One of the suggestions made to the AEDAPI that was seen as harmful to the bill was to impose a black period on any online gambling operator who applied for a license in Spain. A black period is when an online casino ceases operating in the country imposing the black period, in this case Spain, from the time the bill goes into effect until a license is approved. Black periods are strongly opposed by online gambling operators—no small wonder why. They are so strongly opposed that in some cases black periods are removed from online gambling legislation as was the case recently with the Greek bill.

But not only did the Spanish nay-sayers want to impose a black period, they also wanted all online gambling operators to clear their databases of all accounts—or at least all accounts with Spanish IP addresses—and do no advertising or promoting during the black period. This is a very harsh action to take, and I applaud the AEDAPI on listing this as a bad suggestion.
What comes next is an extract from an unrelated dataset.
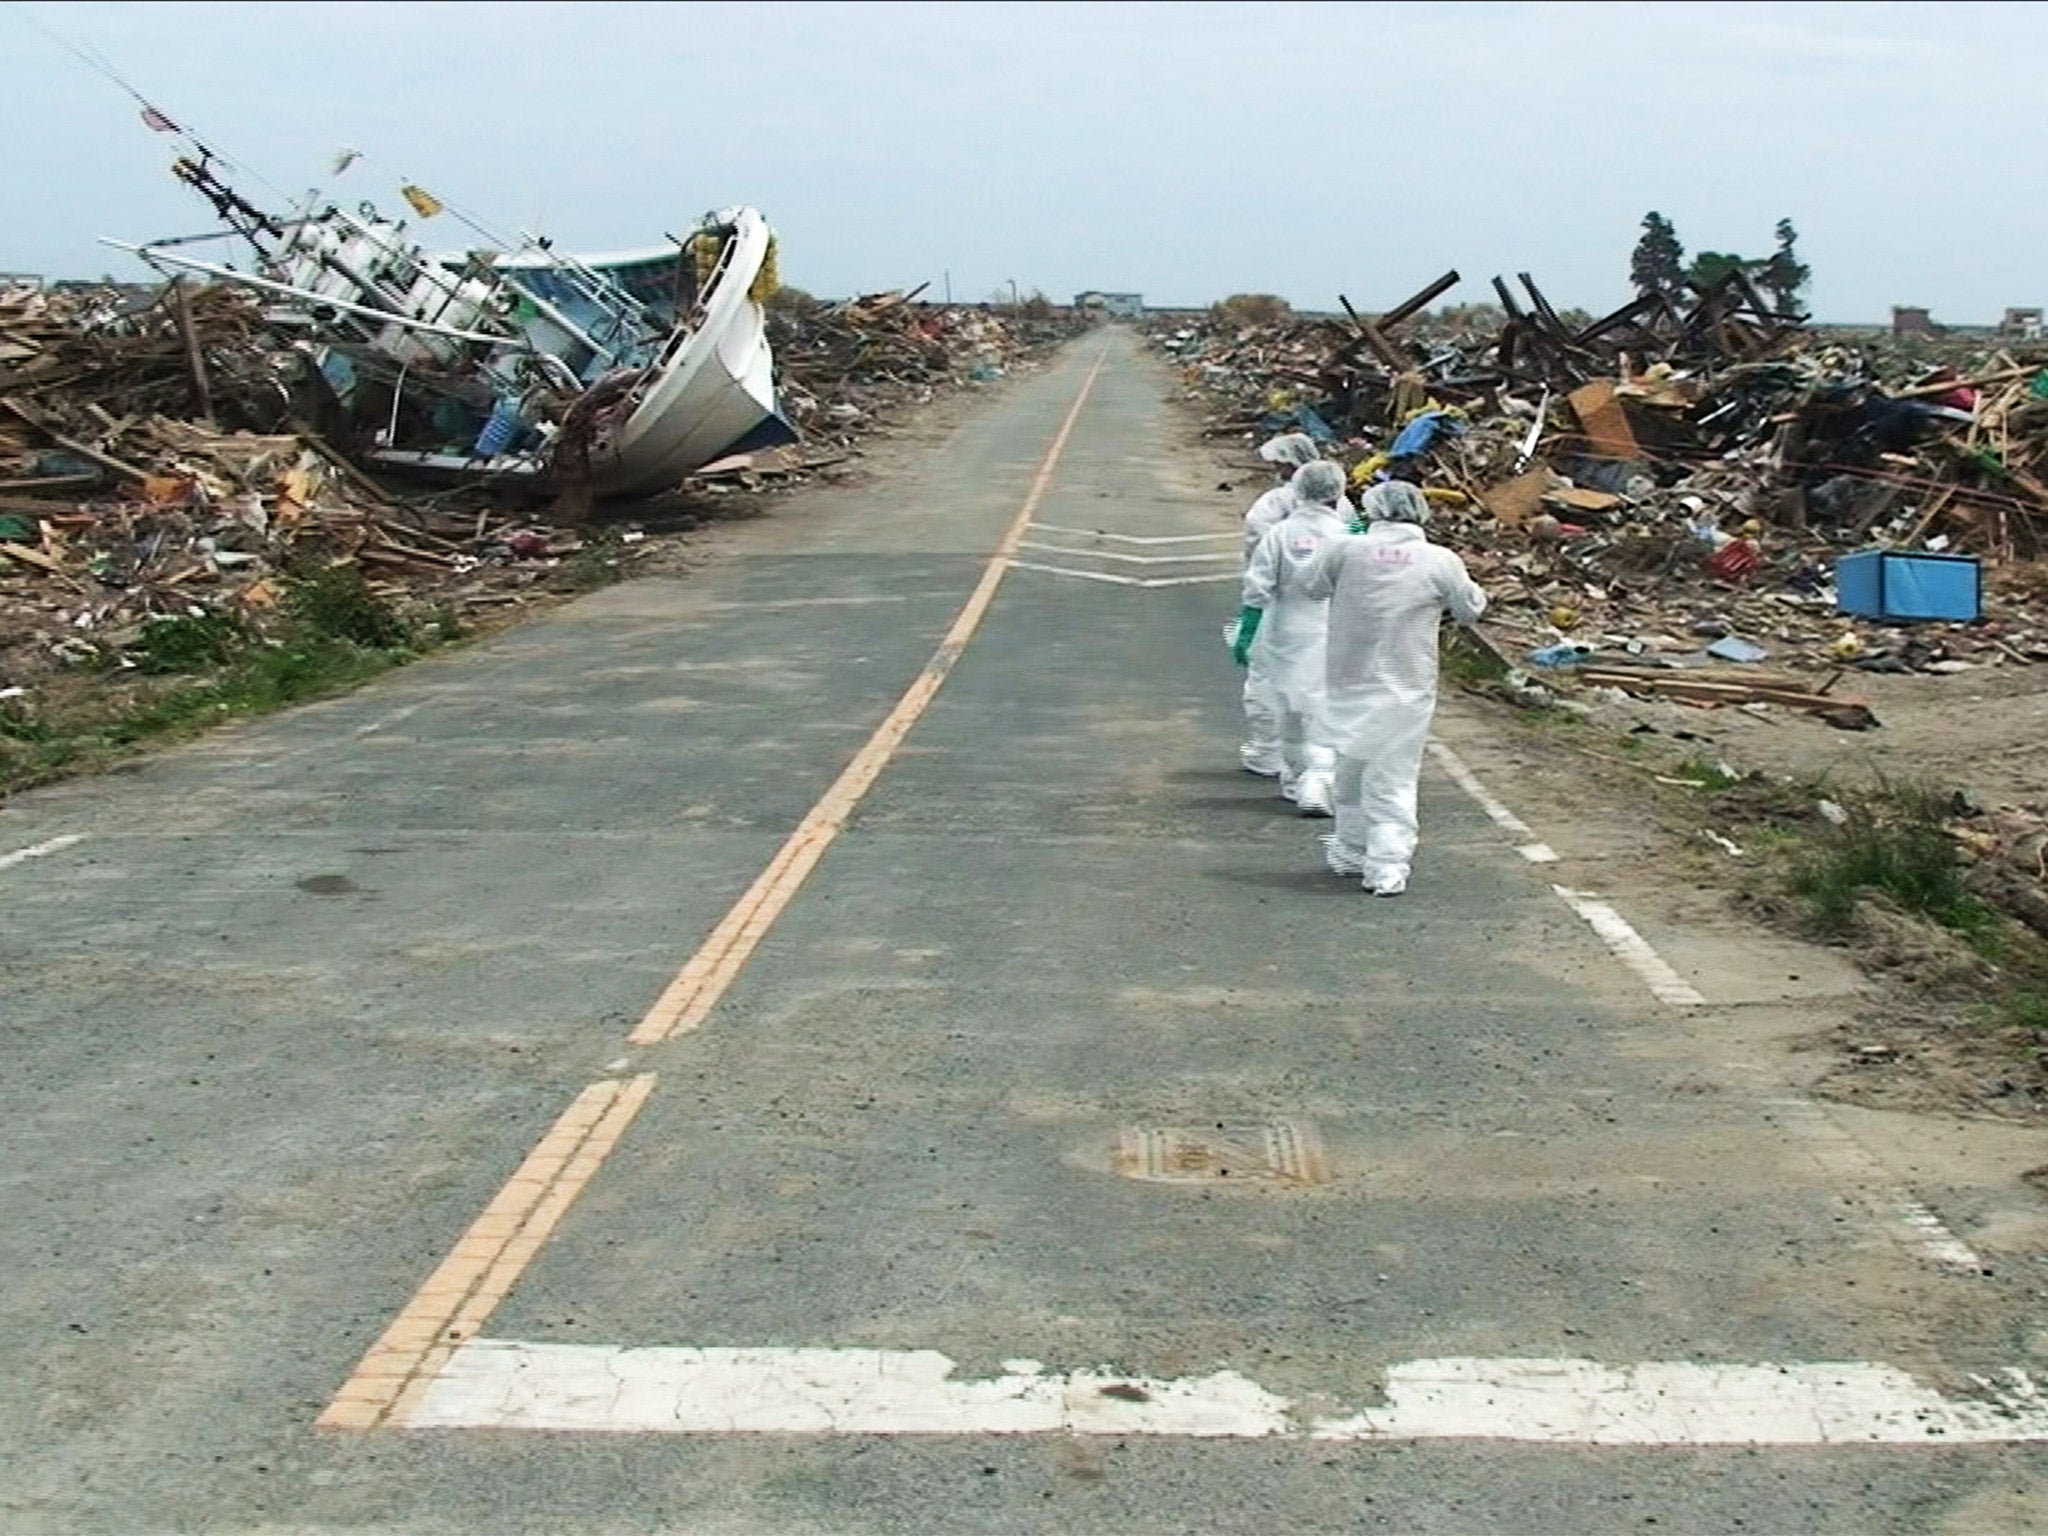 In a scene from ‘Nuclear Nation’, residents of Futaba return to their town for the first time after the nuclear meltdown

It is likely to push Spanish players to unregulated online casinos, causing them to play unprotected.

Here is the thing about operators in Spain: 90% of online gambling operators in Spain are legit which means they submit to regular audits to make sure that their online gambling operation is not operating in a shady manner.

Now on to some positive suggestions.

This one comes from groups in Spain’s parliament. They put forth the suggestion for an amendment that would lower the tax rate from 25%. Now you would think that a government who is looking at regulating online gambling to generate revenue, in addition to protecting their citizens, would be to take the highest tax rate possible. Not so in this case. In Europe 25% is a high tax rate of online casino operators to pay. And the writers behind the Spanish online gambling bill recognize that if they want to be competitive and if they want to stand a chance of bringing in respectable operators, they need to offer a lower tax rate.

Also suggested was a different process for issuing licenses. The bill originally was going to use a tender process because it would bring in a large amount of revenue right away. But political groups saw that it might keep out some operators who they hope would take an interest in the Spanish market because of a high price tag on a license. So an administrative process was suggested, which AEDAPI looks favorably on.

On the whole AEDAPI has taken a favorable perspective on the suggestion process. So while seeing legalized online gambling in Spain is still a ways off, they are making forward progress.